WLE/SL and RNA Extraction. All patients had previously undergone a skin biopsy for diagnosis of their primary melanoma. After an informed consent (for both routine surgery and our research protocol) was obtained, WLE/SL was done as previously described (32, 33). In brief, preoperative ^99mTc-labeled sulfur colloid lymphoscintigraphy to identify the nodal basin at risk for metastasis was followed by intraoperative peritumoral i.d. injection of isosulfan blue dye (Lymphazurin, Tyco International, Norwalk, CT). In our review of the literature, we did not find any data to suggest that DCs are sensitive to either sulfur colloid or Lymphazurin. The SN was localized intraoperatively by using a hand-held γ probe and by visual inspection of the blue dye, which was used as the gold standard for identifying the SNs (34). An additional random neighboring non-SN (nonblue and nonradioactive) was harvested within 2 cm of the SN at the same time. A portion of each SN and non-SN was collected and placed immediately in either RNAlater (Qiagen, Valencia, CA) or a −20°C container (for earlier samples) for RNA preservation and then processed at 4°C. RNA extraction and purification was done by using either Tri-Reagent (Molecular Research Center, Cincinnati, OH; ref. 35) or RNeasy kit (Qiagen), according to the manufacturer's instructions (RNeasy Mini Handbook). The initial RNA concentration and quality were assessed by optical densitometry at 260 and 280 nm. The final concentration, quality, and purity of total RNA were determined by using the RNA 6000 Nano Assay kit on the 2100 Bioanalyzer (Agilent Technologies, Palo Alto, CA) per manufacturer's instructions (Agilent Bioanalyzer Handbook).

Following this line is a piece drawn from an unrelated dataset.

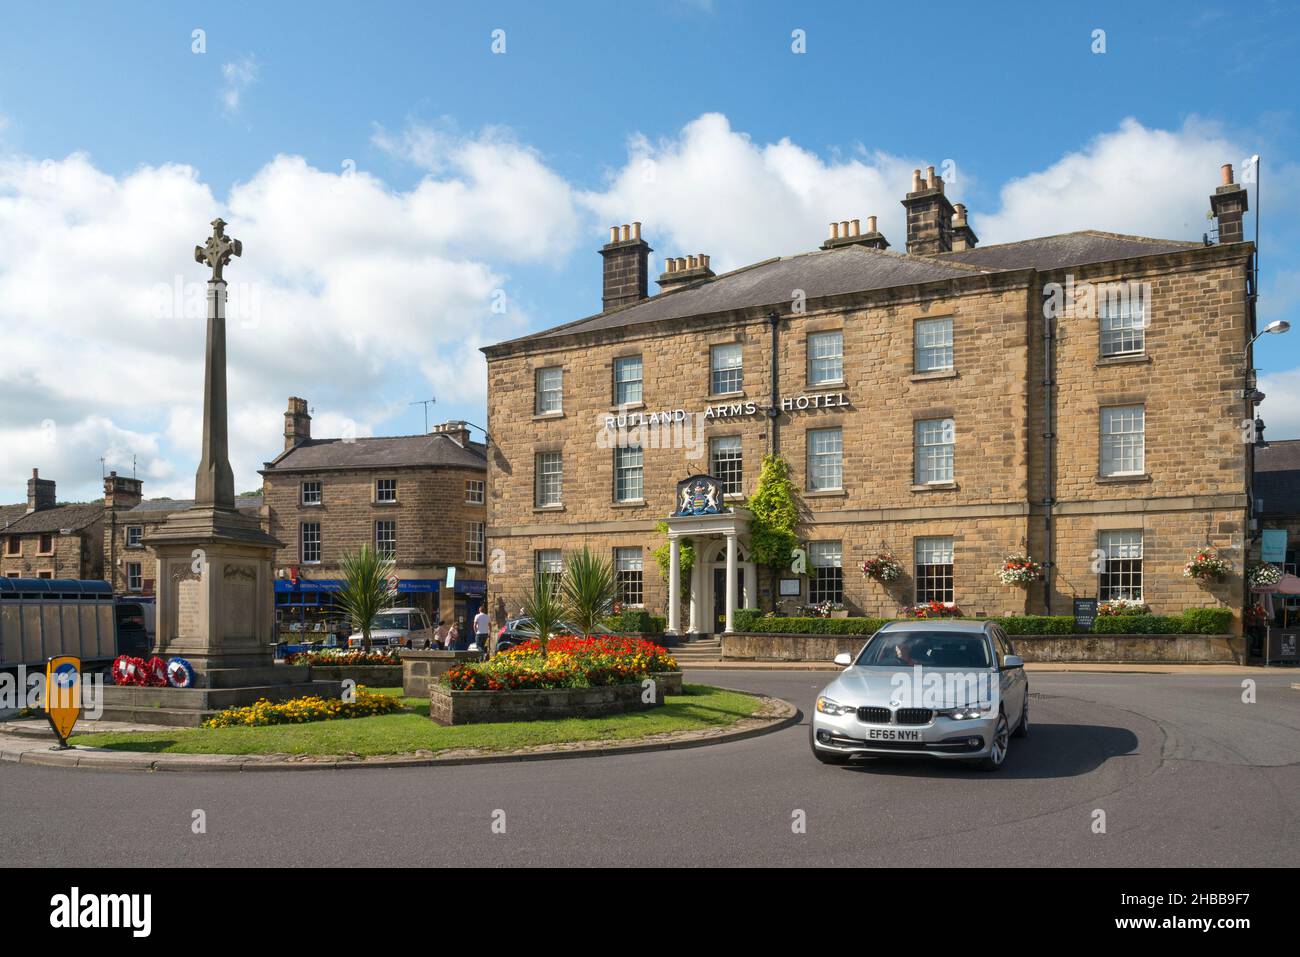 Rutland Arms Hotel, Bakewell, Derbyshire Stock Photo

Quantitative Real-Time PCR to Measure Gene Expression. Commercially available forward/reverse primer sets and probes for IL-2, IL-10, IL-12, and IFN-γ were used (Applied Biosystems, Foster City, CA). A forward/reverse primer set and probe for IDO were custom designed by using published mRNA sequence (36) and ABI Prism Primer Express Software v2.0, purchased from Applied Biosystems. The mRNA segments were amplified on a panel of cDNA derived from phytohemagglutinin-stimulated lymphocytes by using RT-PCR. Subsequently, the amplicons were separated by using 2% agarose gel electrophoresis and then recovered by using the QIAquick gel extraction method (Qiagen) according to the manufacturer's instructions. The amplicons were ligated into pCR II-TOPO cloning vector (Invitrogen, San Diego, CA) and transformed into DH5-α E. coli cell line for plasmid amplification (TOPO TA Cloning, Invitrogen, Carlsbad, CA). The transfected cell colonies were identified and cell cultures were expanded as described elsewhere (35). The amplicons were subsequently isolated and purified. To confirm the correct size of the inserted PCR product, plasmids were digested with specific restriction enzymes, and the cDNA clone PCR products were evaluated by using 2% agarose gel electrophoresis. After the concentration of the plasmid was determined by optical densitometry at 280 nm, the plasmid solution was serially diluted and amplified via quantitative RT-PCR to generate the standard curves.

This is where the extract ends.